If you are in the midst of implementing an awesome Home Automation project using openHAB and you are wondering how to get openHAB remote access, you are at the right place.
In this post, I will walk you through the different options to get openHAB remote access along with some pros and cons for each of them.
Before I dive into the details, here are the 3 alternatives that we are considering with the links to the tutorials:
Let’s get started, shall we?
openHAB Cloud Connector
The openHAB cloud connector allows you to connect your local instance of openHAB to a secured cloud, you can install your own cloud or use the one provided by the openHAB foundation for free.
If hearing the word cloud makes you cringe, this solution might not be for you, but let me walk you through the details first.
openHAB Cloud Connector: Cons
- The openHAB cloud is in the cloud….sounds obvious doesn’t it? The point is that you are exposing your data to a third party. If you have trust issues this is definitely a concern.
- Reliability can be an issue at times. Like any other server on the internet, it is exposed to downtime occasionally. This has happened to me very few times but it is something to keep in mind.
openHAB Cloud Connector: Pros
- This method is by far the quickest and easiest to implement.
- It provides additional functionality like an event log or status monitoring for the openHAB instance.
- Using the cloud connector you can send push notifications to Android and iPhones. This is a game changer.

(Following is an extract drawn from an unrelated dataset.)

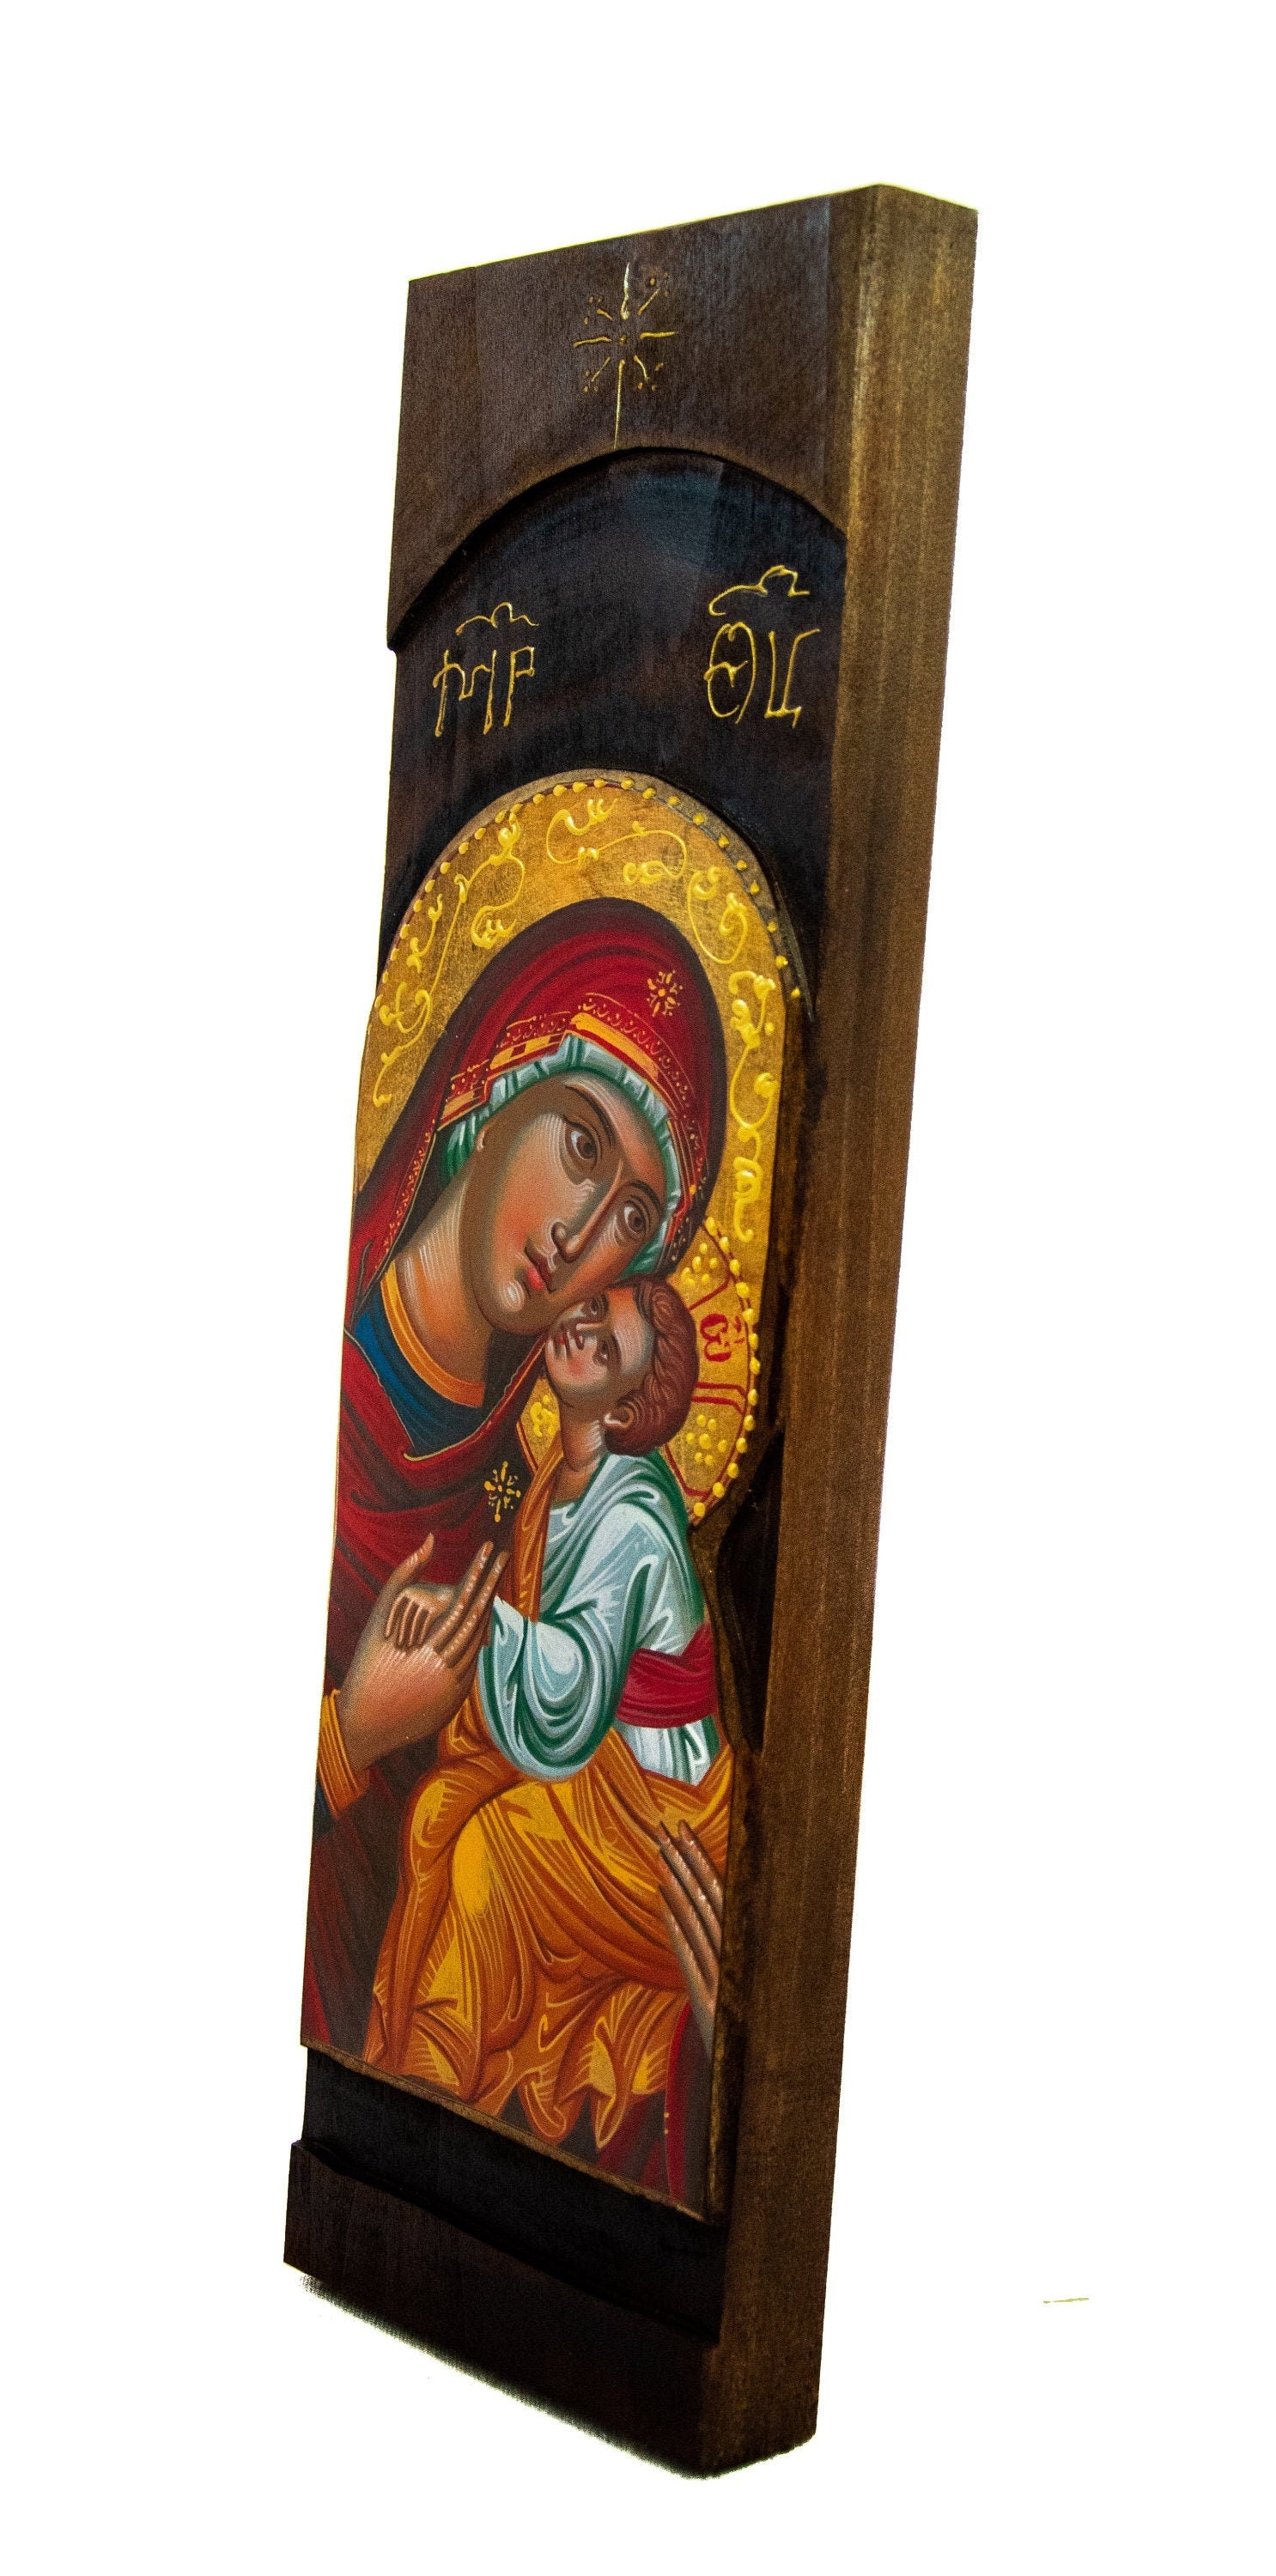 Virgin Mary icon Panagia Glykophilousa, Handmade Greek Orthodox Icon of Theotokos, Mother of God Byzantine art wall hanging wood plaque TheHolyArt

- Connectivity to services that require oAuth2 authentication like IFTTT or Amazon Alexa to add voice control to your Smart Home.
- You can also define different users with different privileges. It is the only option that allows that.
Using a Reverse Proxy
One of the things that you have probably noticed already is that openHAB doesn’t have, at least natively, a way to implement authentication for the different UI’s (PaperUI, BasicUI, Habmin…). Having said that, the community has done a very nice job making things like implementing a reverse proxy a walk in the park.
What is a Reverse Proxy anyway? A Reverse Proxy is a fancy word to define a service that sits between the internet and one or more web servers (openHAB in this case).
For the clients connecting to those web servers, the reverse proxy is transparent, which makes it a very good option to implement authentication.
The idea behind this architecture is that the user will connect to the reverse proxy and this one will route the packages back and forth to the openHAB server.
Since you have an additional layer in the middle, you can add user authentication and SSL encryption to secure the access.
Reverse Proxy: Cons
- It is not as easy to set up as the openHAB cloud connector although if you are using OpenHABian the implementation is quite simple.
- It requires port forwarding in the router.
- Using different user profiles is not an option.
Reverse Proxy: Pros
- It only has one point of failure, your server. Your server can also go down but at least we have one less thing to worry about.
- It allows for a higher degree of customization (SSL, Authentication, routing to subdomains…)
Using a Virtual Private Network (VPN)
A VPN, Virtual Private Network, is one of those very few things that has a descriptive name in technology. It is actually a private network between two or more devices connected to the internet.
This is a cool concept because it combines the flexibility of the internet with the added security of a private network.
Using a VPN is a whole different business. The setup is much more involved but it also offers additional functionalities that the reverse proxy or the cloud connector don’t.
One of these functionalities is obviously the remote access to your openHAB server.
Virtual Private Network: Cons
- It is the most complex option if we compare with the openHAB cloud connector or the reverse proxy.
- The connectivity process is not quite as seamless as we the other options. It requires a software installed on the client side.
Virtual Private Network: Pros
- It is a bit more complex but once it is up and running you will be able to use it for many things other than accessing to openHAB:
- Geoblocking: Watching Netflix while you are on vacation out of your country 🙂
- Privacy: You can use it to add privacy to your browsing activities while you are not at home (at the coffee shop for example)
- Access to all the network resources: The VPN doesn’t only allow you to access openHAB. Once it is in place you will be able to access all the resources in your home network; storage, printers…
- It is by far the most secure and versatile option of the three.
If you have reached this point and still don’t know which one is the best option for you, let me give you a little push. The solution that I am going to suggest you is the one I use.
Every solution has its own share of pros and cons.
I have good news though, things don’t have to be black and white. It is actually easier to reach the sweet spot by combining a few different options.
Day-to-Day openHAB Remote Access
I know many people have trust issues with the cloud, but in this case, I think that the pros strongly outweigh the cons.
What Happens if the Cloud goes Down?
If this happens to you…It sucks…I get it. That is the reason because a backup solution is always required.
Now the question comes down to deciding between Reverse Proxy or VPN and the answer is, it depends.
If you are willing to spend a bit more time go with the VPN. it is well worth it and it will boost your privacy when you are connected to the internet from outside your home network.
You don’t care about privacy? That is also fine, just go with the reverse proxy then.
Which solution are you going to implement?